SAINT LAURENT, Quebec, Sept. 26, 2019 (GLOBE NEWSWIRE) -- IntelGenx Corp. (IGX.V)(IGXT) (the "Company" or "IntelGenx"), a leader in pharmaceutical films, today announced that it has resubmitted its 505(b)(2) New Drug Application (“NDA”) for RIZAPORT® VersaFilm® for the treatment of acute migraines to the U.S. Food and Drug Administration (“FDA”).
“Over the past several months, we have been working diligently to address the FDA’s questions and resubmit this NDA in a timely manner,” commented Dr. Horst G. Zerbe, CEO of IntelGenx. “I am pleased with our team’s hard work to resubmit this NDA as planned, and we are looking forward to continuing to work with the FDA to make this innovative migraine treatment available to patients.”
On April 2, 2019, the Company announced that it had received a Complete Response Letter (“CRL”) from the FDA regarding the NDA for RIZAPORT® VersaFilm® accepted by the Agency on November 20, 2018. The issues cited in the CRL relate to the Chemistry, Manufacturing and Controls section of the application. The FDA requested additional information, but no new bioequivalence study.

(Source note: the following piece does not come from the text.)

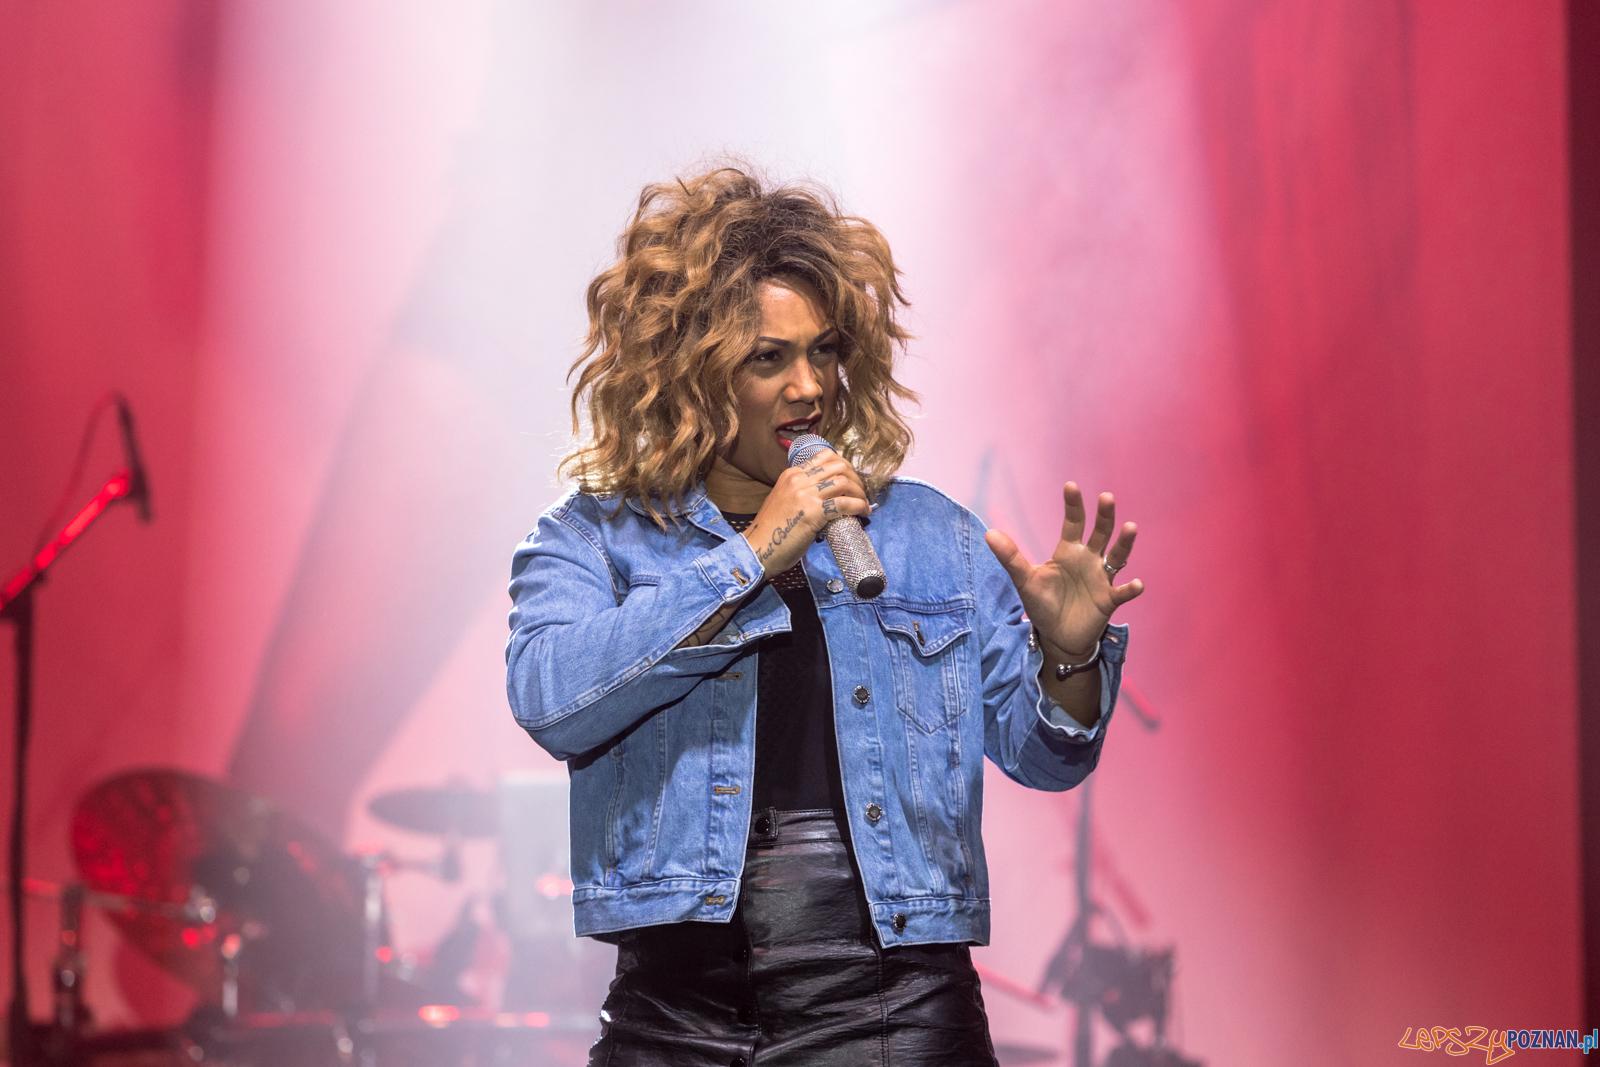 Tribute to Tina Turner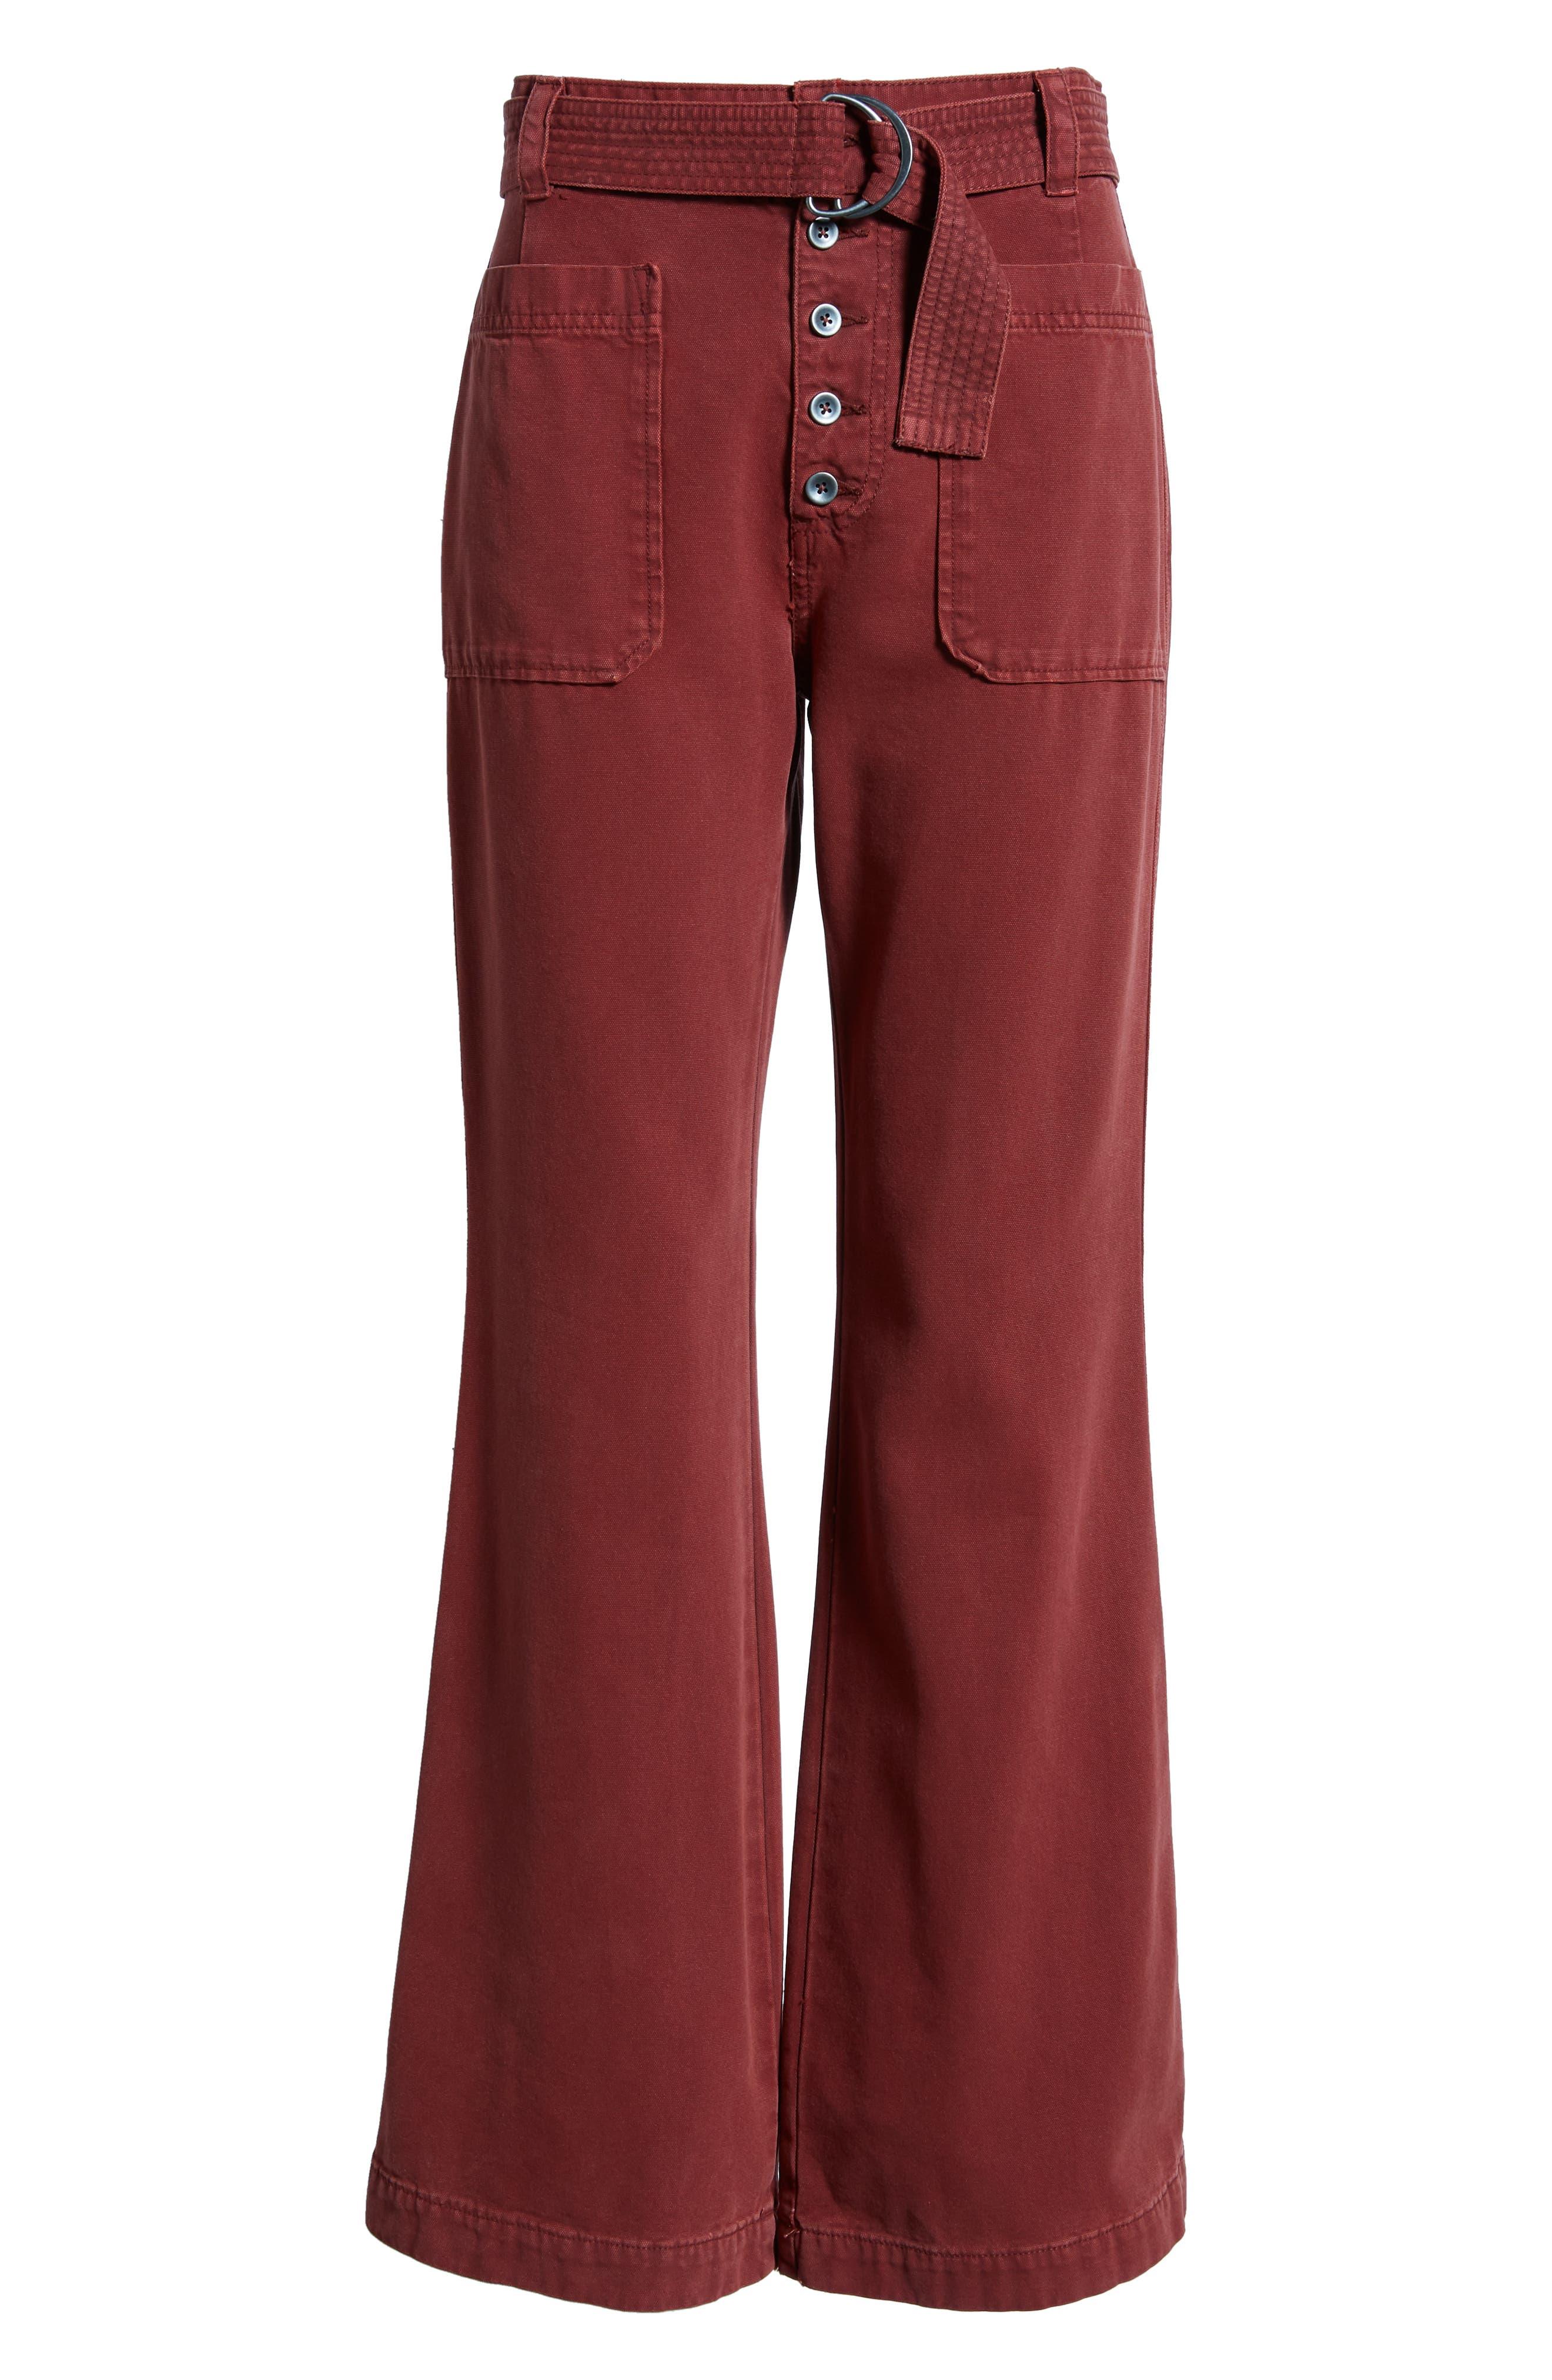 Corin Mod Slim Flare Pants,                             Alternate thumbnail 7, color,                             WINE

The resubmitted NDA is subject to the FDA’s acceptance review, the results of which are expected within 30 days.
IntelGenx is a leading drug delivery company focused on the development and manufacturing of pharmaceutical films.
IntelGenx’s superior film technologies, including VersaFilm®, VetaFilm™ and transdermal, allow for next generation pharmaceutical products that address unmet medical needs. IntelGenx’s innovative product pipeline offer significant benefits to patients and physicians for many therapeutic conditions.
IntelGenx's highly skilled team provides comprehensive pharmaceuticals services to pharmaceutical partners, including R&D, analytical method development, clinical monitoring, IP and regulatory services. IntelGenx's state-of-the-art manufacturing facility offers full service by providing lab-scale to pilot- and commercial-scale production. For more information, visit www.intelgenx.com.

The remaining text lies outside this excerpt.